Input Gate ($i_t$) and Candidate Cell ($\tilde{C}_t$): Determines what new information to add.
$$ i_t = \sigma(W_i [h_{t-1}, x_t] + b_i) $$
$$ \tilde{C}*t = \tanh(W_c [h*{t-1}, x_t] + b_c) $$
Here, $\tilde{C}_t$ is the proposed update (like “new knowledge”), and $i_t$ decides how much of it should be remembered.
Cell State Update ($C_t$): Combines old and new information:
$$ C_t = f_t * C_{t-1} + i_t * \tilde{C}_t $$
This “highway” connection allows gradients to flow smoothly through time — solving the vanishing gradient problem.
Output Gate ($o_t$): Controls how much of the cell state contributes to the next hidden state (the part that gets “spoken out loud”).
$$ o_t = \sigma(W_o [h_{t-1}, x_t] + b_o) $$
Then the new hidden state becomes:
$$ h_t = o_t * \tanh(C_t) $$

Together, these gates ensure that important information persists and irrelevant noise fades away.

Why It Works This Way

The secret weapon of LSTMs is the cell state ($C_t$).

Think of it as a long conveyor belt that moves information down the timeline. Each gate acts like a worker deciding:

Should we erase this part? (forget gate)
Should we add something new? (input gate)
Should we show this to the outside world? (output gate)

This selective control ensures that the gradient doesn’t vanish — it simply flows forward unless explicitly stopped by a gate.

How It Fits in ML Thinking

LSTMs are the first architecture that explicitly models memory. They allow deep learning systems to:

Capture dependencies spanning hundreds of time steps (e.g., full sentences or video frames).
Control how information decays over time.
Learn temporal hierarchies — what matters now vs. what matters later.

This idea of gated control over information flow inspired later models like GRUs and even the attention mechanisms in Transformers.

📐 Step 3: Mathematical Foundation

LSTM Equations (Complete)

The full set of LSTM equations is:

$$ \begin{aligned} f_t &= \sigma(W_f[h_{t-1}, x_t] + b_f) \quad &\text{(Forget gate)} \ i_t &= \sigma(W_i[h_{t-1}, x_t] + b_i) \quad &\text{(Input gate)} \ \tilde{C}*t &= \tanh(W_c[h*{t-1}, x_t] + b_c) \quad &\text{(Candidate cell)} \ C_t &= f_t * C_{t-1} + i_t * \tilde{C}*t \quad &\text{(Cell update)} \ o_t &= \sigma(W_o[h*{t-1}, x_t] + b_o) \quad &\text{(Output gate)} \ h_t &= o_t * \tanh(C_t) \quad &\text{(Hidden state update)} \ \end{aligned} $$

Each gate uses a sigmoid ($\sigma$) to “decide” how much information (0 to 1) passes through. The $\tanh$ squashes values between -1 and 1, keeping the memory controlled. Together, these ensure gradients flow in a stable, bounded way — avoiding explosion or collapse.
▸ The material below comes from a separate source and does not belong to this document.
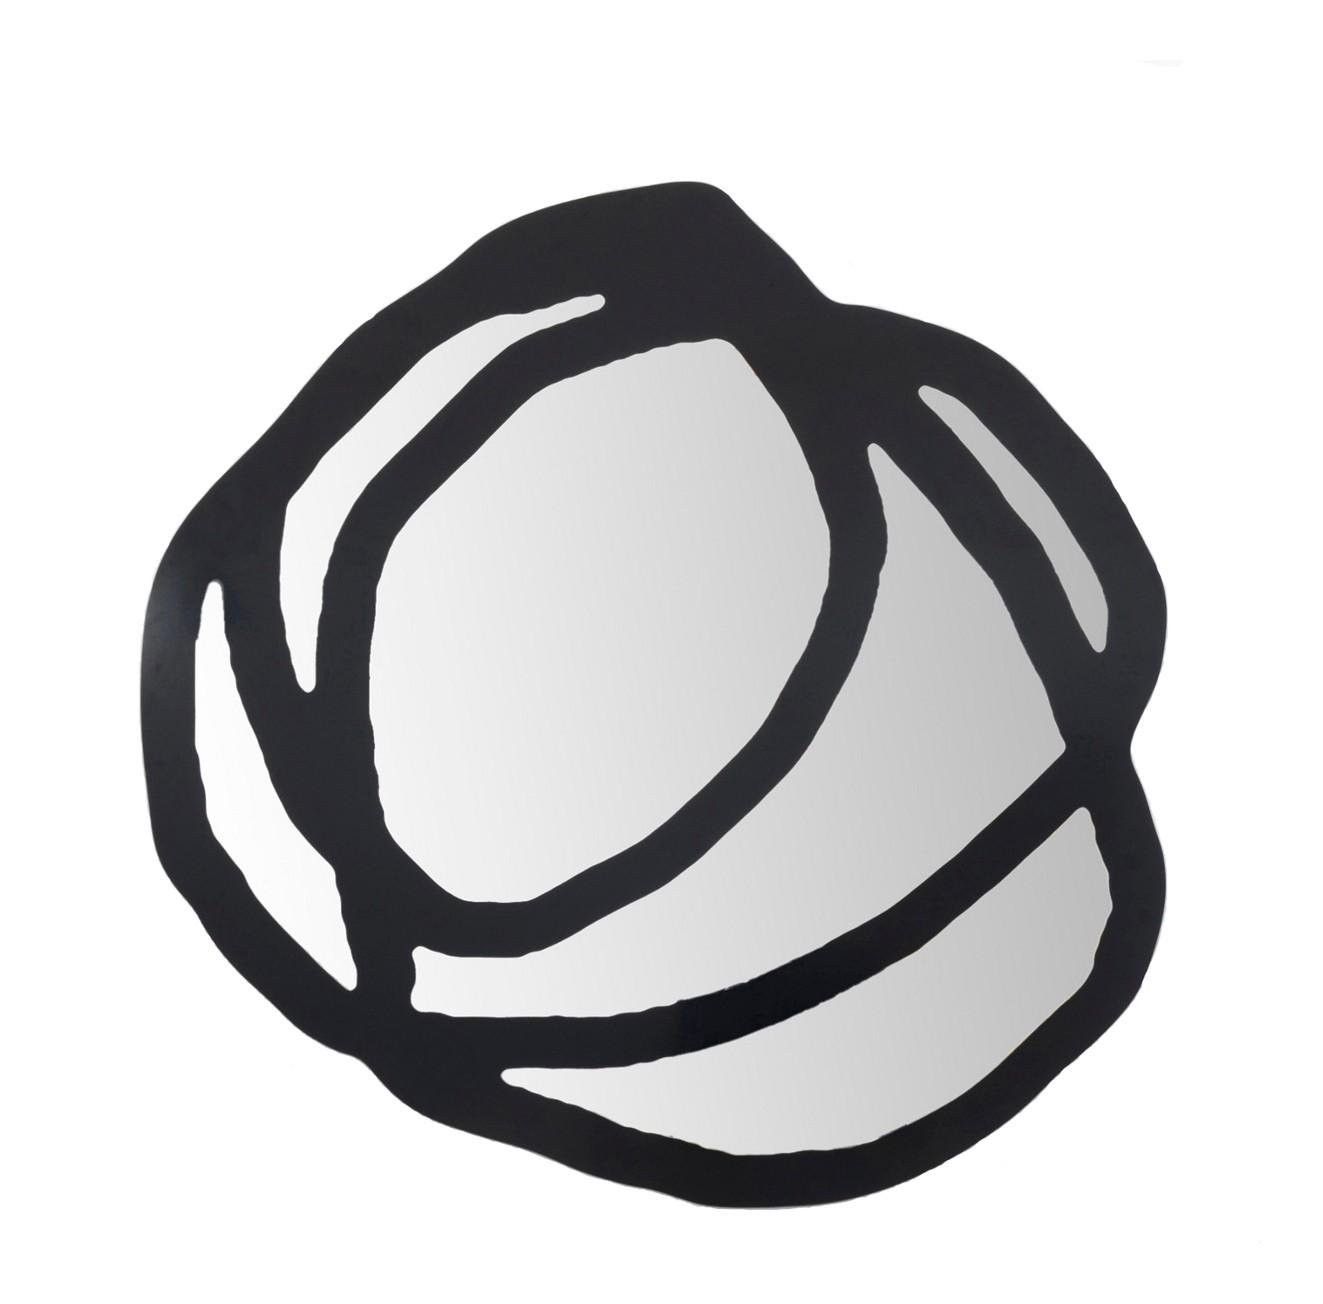 Miroir sweet 98 de gervasoni petit mod le noir for Petit miroir noir
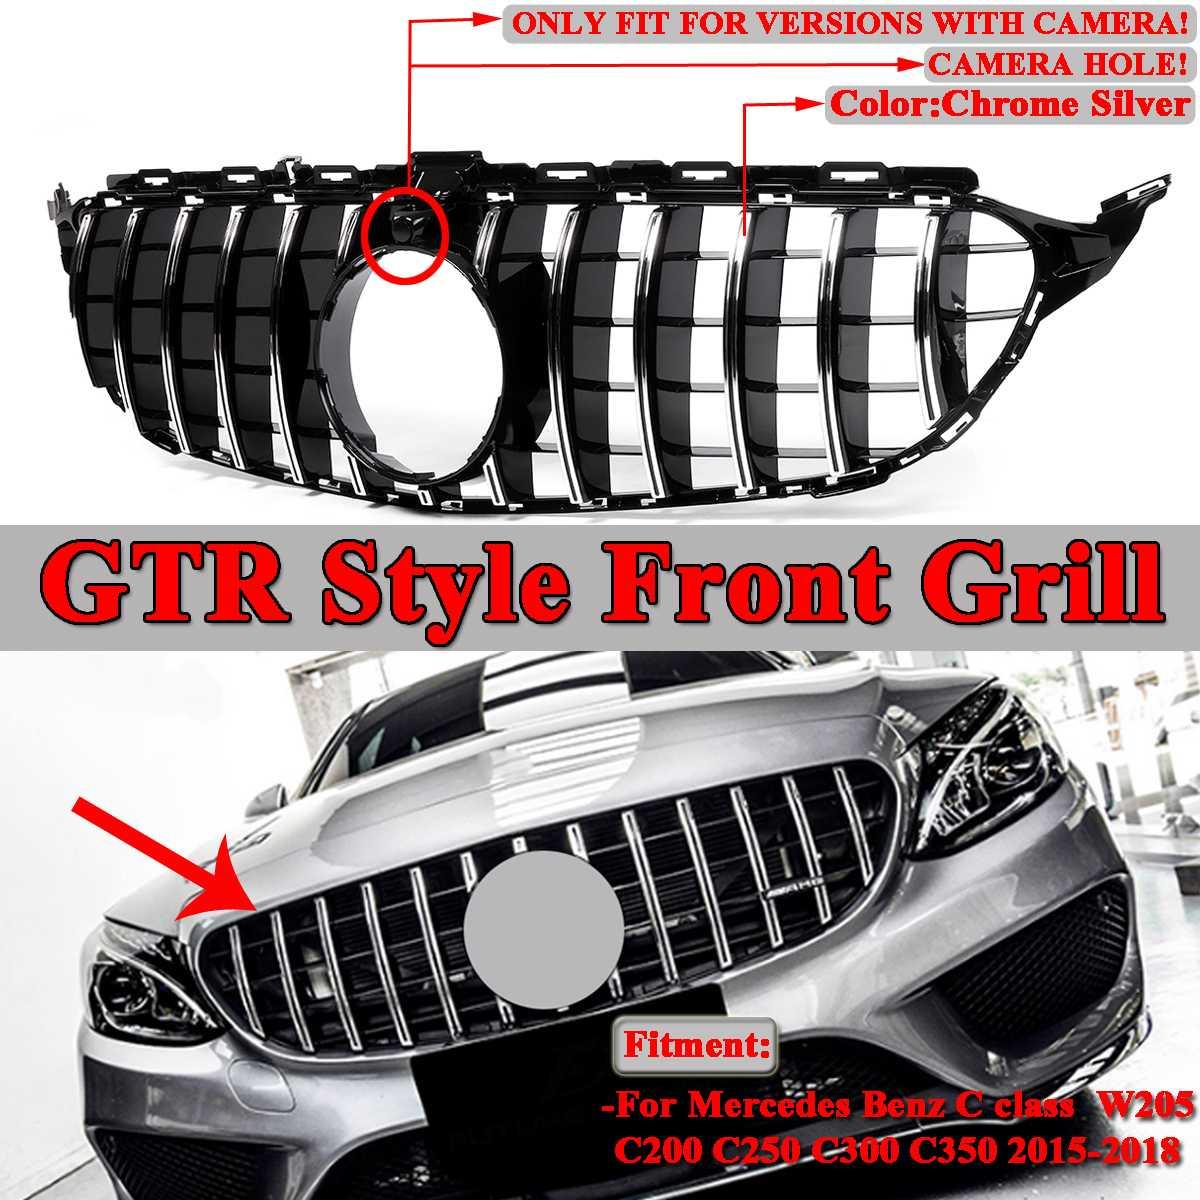 W205 GTR GT R نمط سيارة الجبهة شواء مصبغة أسود/كروم الفضة لمرسيدس لبنز W205 C200 C250 C300 C350 2015-2018 2Dr/4Dr

Why Use tanh Instead of ReLU?

If ReLU were used in the cell state, its unbounded nature could cause uncontrolled growth in $C_t$, leading to exploding gradients or overflow.

$\tanh$ is bounded between -1 and 1, which keeps cell values stable while still allowing smooth gradient flow.

Think of $\tanh$ as a “soft cushion” that prevents the cell state from jumping too high or dropping too low — keeping learning balanced and controlled.

🧠 Step 4: Assumptions or Key Ideas

The cell state ($C_t$) serves as a gradient highway, letting information flow through many time steps.
Gates use sigmoid activations to control how much information flows — mimicking decisions like “remember a little,” “forget a lot,” or “output half.”
The design allows both short-term and long-term dependencies to be learned effectively.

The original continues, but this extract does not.